ASSIGNMENT —
For every line below, output the text exactly and leave out images.

(GIVEN MATERIAL Opens)

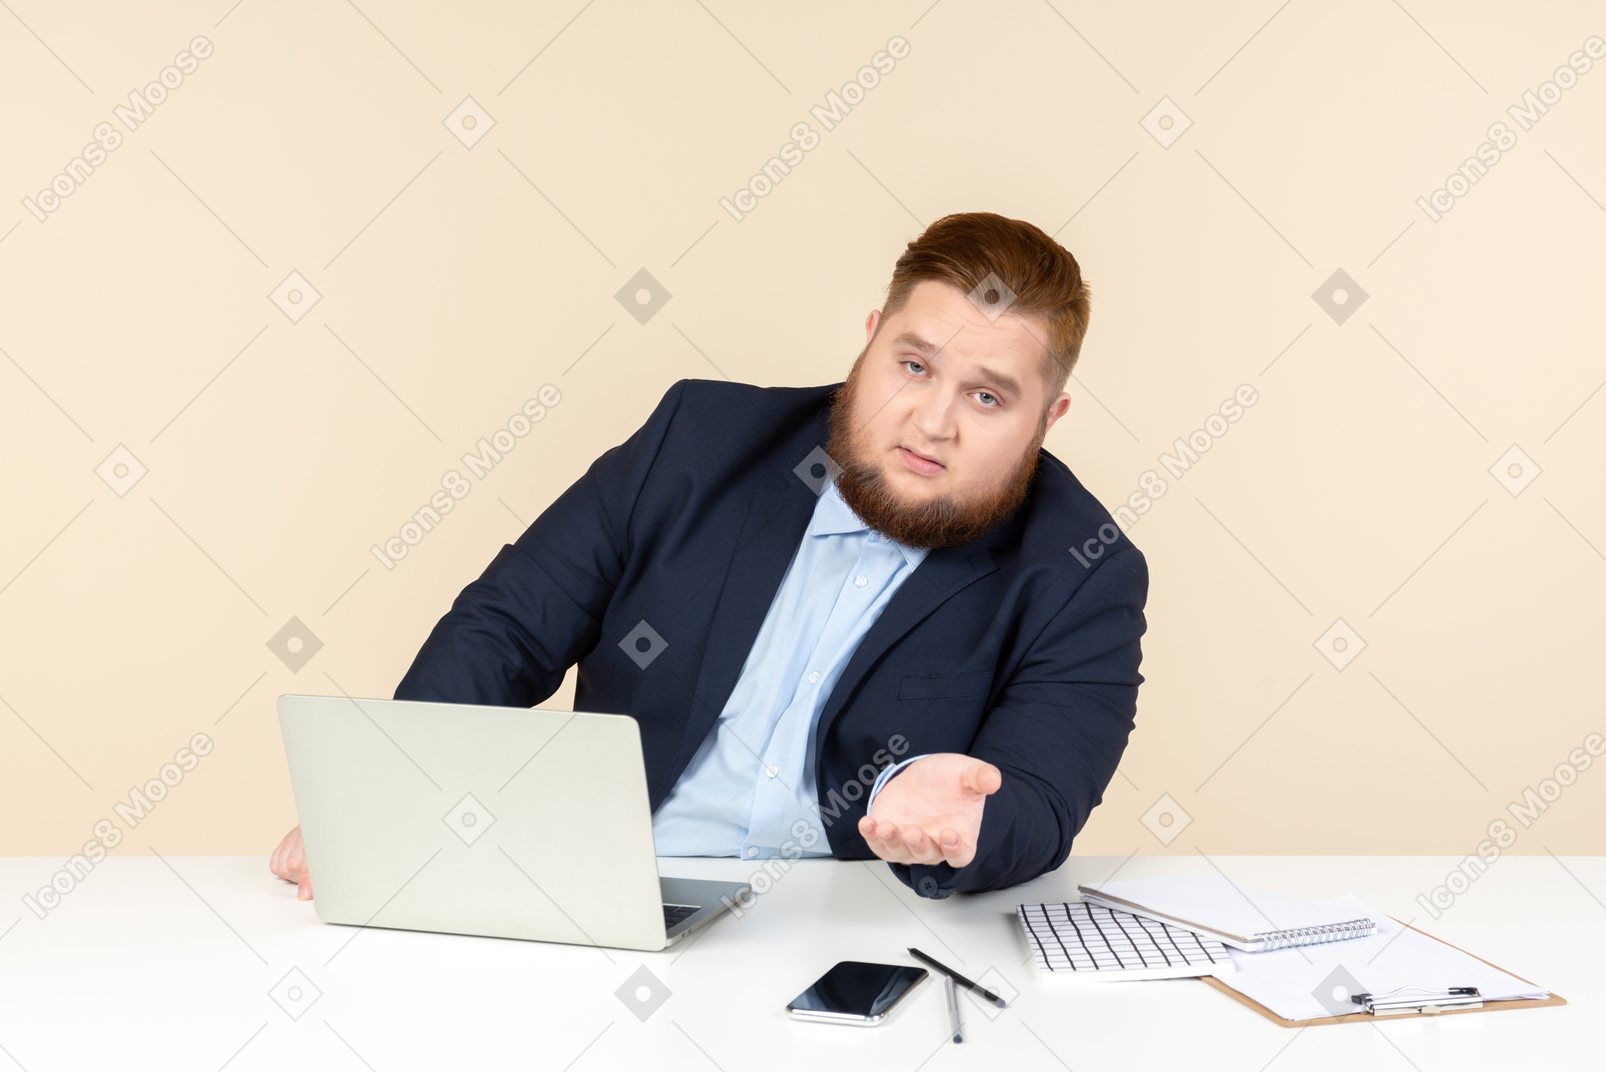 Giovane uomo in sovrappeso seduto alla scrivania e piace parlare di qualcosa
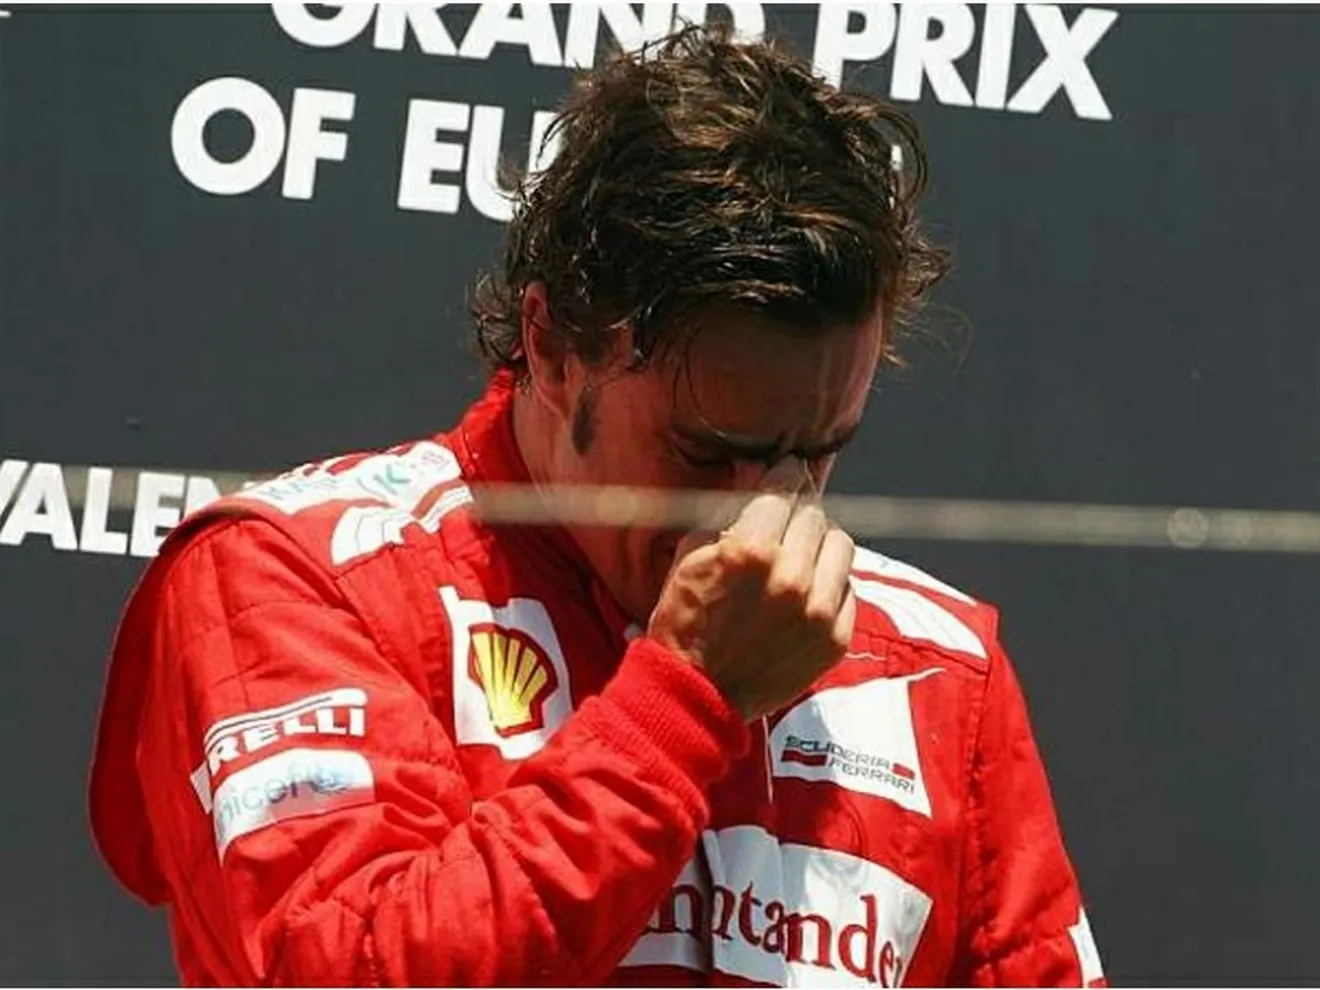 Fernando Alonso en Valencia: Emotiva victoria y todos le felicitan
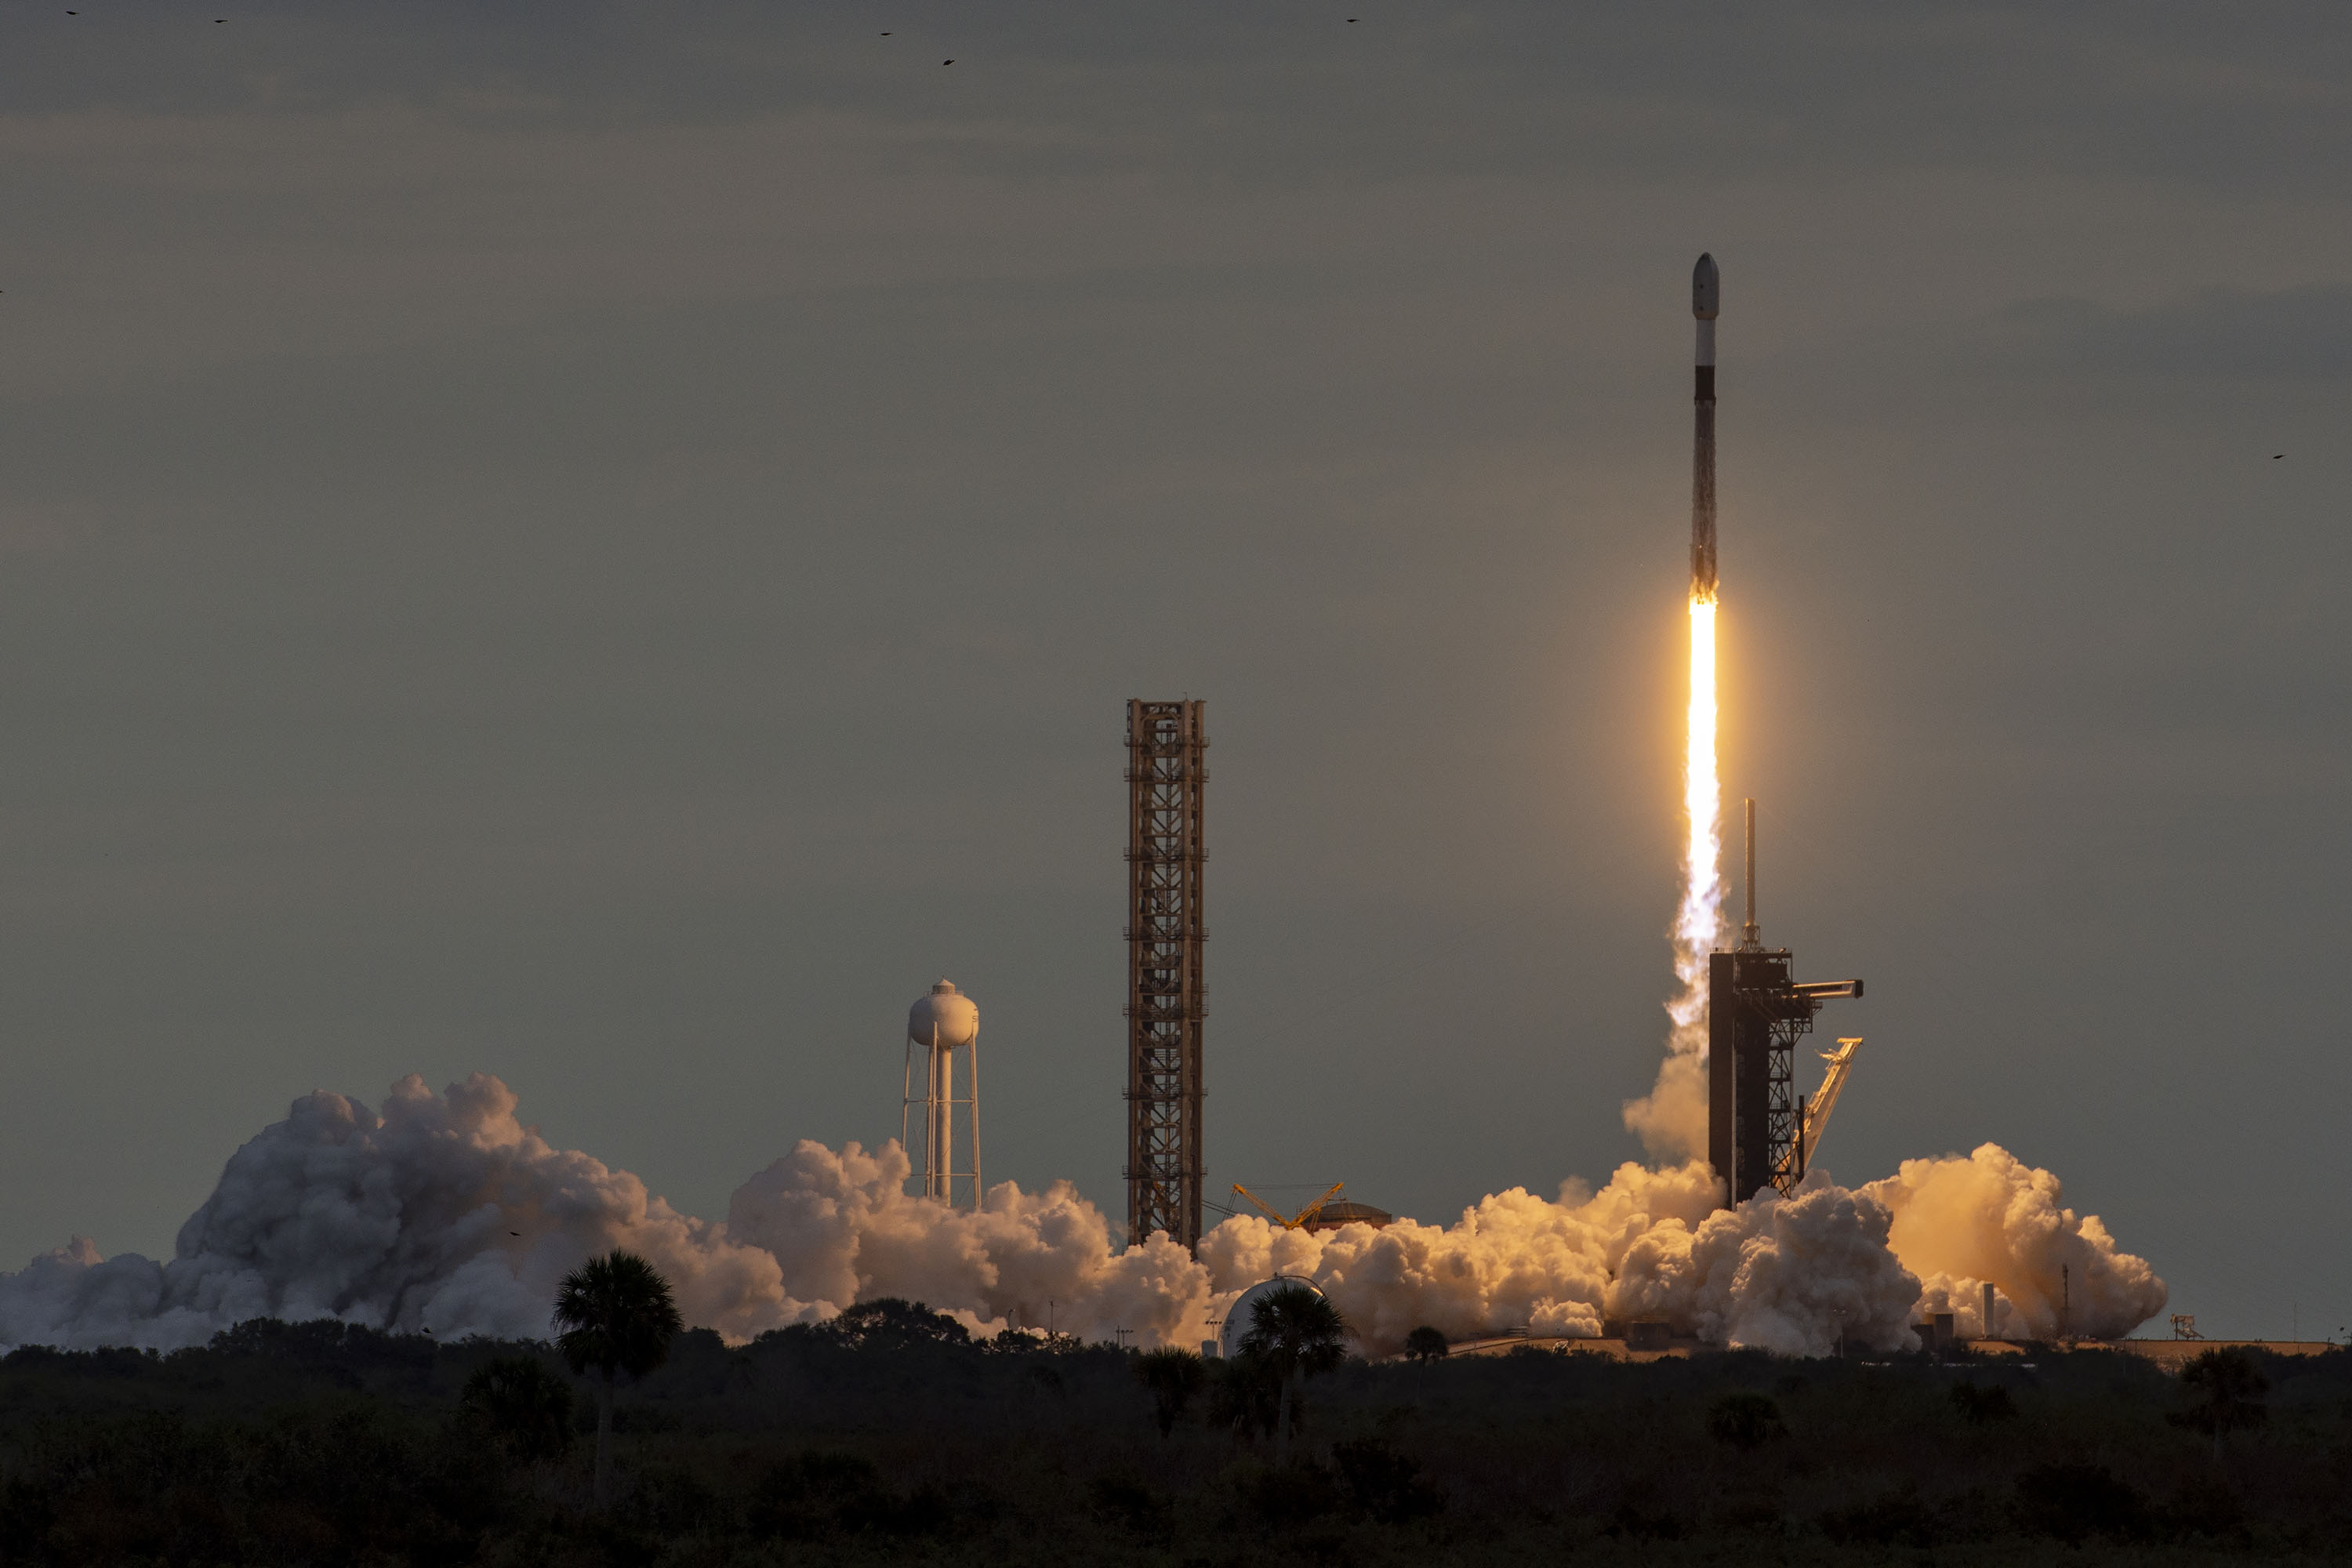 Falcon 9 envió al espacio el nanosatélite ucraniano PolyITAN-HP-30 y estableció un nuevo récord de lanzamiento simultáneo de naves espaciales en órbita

(GIVEN MATERIAL Closes)

RESPONSE TO THIS EXERCISE —
 Giovane uomo in sovrappeso seduto alla scrivania e piace parlare di qualcosa
 Fernando Alonso en Valencia: Emotiva victoria y todos le felicitan
 Falcon 9 envió al espacio el nanosatélite ucraniano PolyITAN-HP-30 y estableció un nuevo récord de lanzamiento simultáneo de naves espaciales en órbita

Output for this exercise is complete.